For many people, Christianity isn’t just a belief system, it’s a way of life. It shapes culture, builds community, and often serves as a measure of morality. From Sunday services to midweek vigils, from family prayers to youth fellowships, religion can inform how people live, love, dress, and even think. But what happens when the very faith that’s supposed to bring peace becomes a source of guilt, fear, or pressure?
For this piece, we asked five former Christians to share what it was like growing up in the faith, the questions that led to their disillusionment, and the result of leaving it all behind.

“I was tired of pretending to maintain a certain public image” — Remi*, 25, F
Remi was raised Christian, but as a pastor’s kid, the pressure to maintain a good image to protect her parents’ reputation took its toll.
“Being a pastor’s kid was a very hectic experience. I had to maintain a certain image in public because any misstep could embarrass my parents. The church also came before every other thing in our lives, including socialising with friends.
From when I was six, I watched my older siblings get flogged mercilessly at different points because a random church member spun a lie against them.
As I continued to grow, I started to read more because some of the sermons I heard just didn’t seem right. I also did a bit of religious criticism in my school work, which exposed me to the underbelly of Christian history. I hated having to pretend I believed in the things my parents and other pastors preached, and I really just wanted out. So, one day in 2021, I made the decision to stop going to church. I had started living on my own, so it was easy to dodge any backlash from my parents. I don’t go to church anymore, but they don’t know that.
Now that I’m free from religion, I can decide what is wrong or right without weighing them as ‘sins.’ I’m also very grounded in my sense of being, what I want and what I don’t want out of life. I’ve been slowly building a community of friends and family who aren’t religious fanatics, and who love me regardless of my lifestyle choices. I like it better this way.”
“I realised I didn’t need a god to give me the answers I was looking for” — Nkem*, 28, M
Nkem’s world view expanded when he went for his NYSC service year. Once he went back home, he realised he didn’t believe in the faith any longer.
“Growing up, practising my religion made me feel like I was part of a community. The process of deconstructing my faith was made up of many ‘turning points.’ When I went for my NYSC, I met people from all walks of life, not only people who shared my religion. When my service year ended and I came back home, I followed my parents to church.

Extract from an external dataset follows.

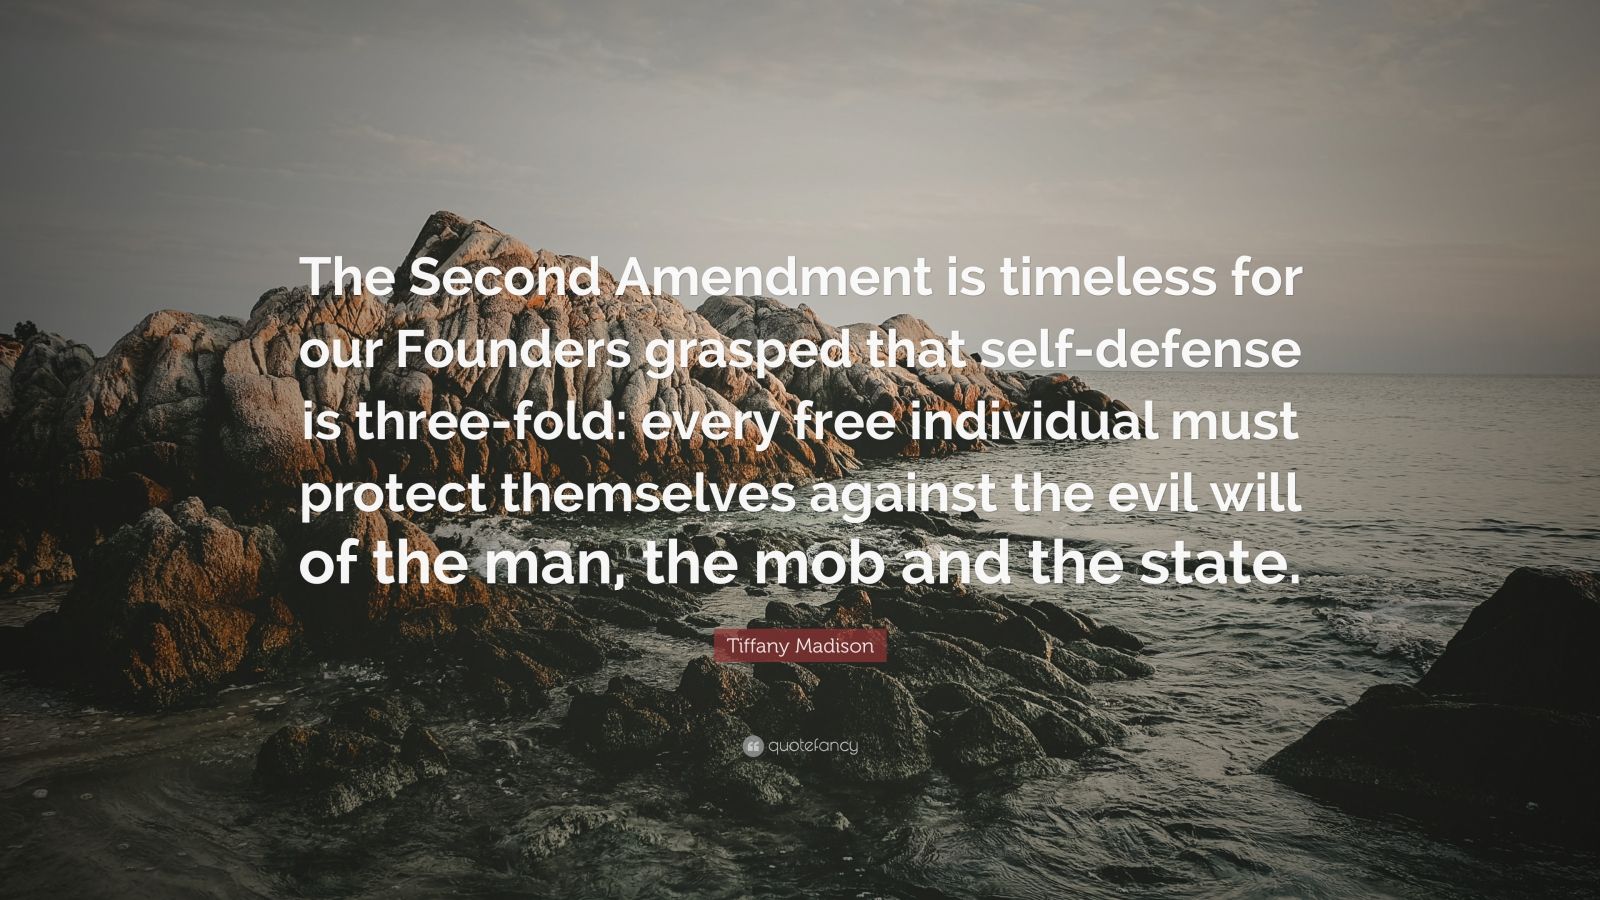 Tiffany Madison Quote: “The Second Amendment is timeless for our

While I was listening to the pastor, I realised I disagreed with what he was saying and at some point during the service, it hit me that I didn’t believe any of this anymore.
During this period, I began questioning Christianity and wondering if it was true or not. The final turning point was when I concluded that I didn’t need to believe in a God to be a decent human being or care about other people. I could simply do that on my own. That was the moment I realised I didn’t want to be religious.
Leaving religion behind made me re-examine and question all my beliefs and biases. I became more aware of the prejudice and bigotry I had towards other people. Without the lens of religion, I approached this self-audit with logic instead of scripture or something vague like the holy spirit.
I quickly realised how much of a shitty person I was and how any room for growth was hampered because in a lot of religious spaces, bigotry and bias were the order of the day, especially towards queer people, disabled people and poor people. I was also able to investigate existential questions like ‘What is my purpose on earth?’ and ‘What do I derive satisfaction from doing?’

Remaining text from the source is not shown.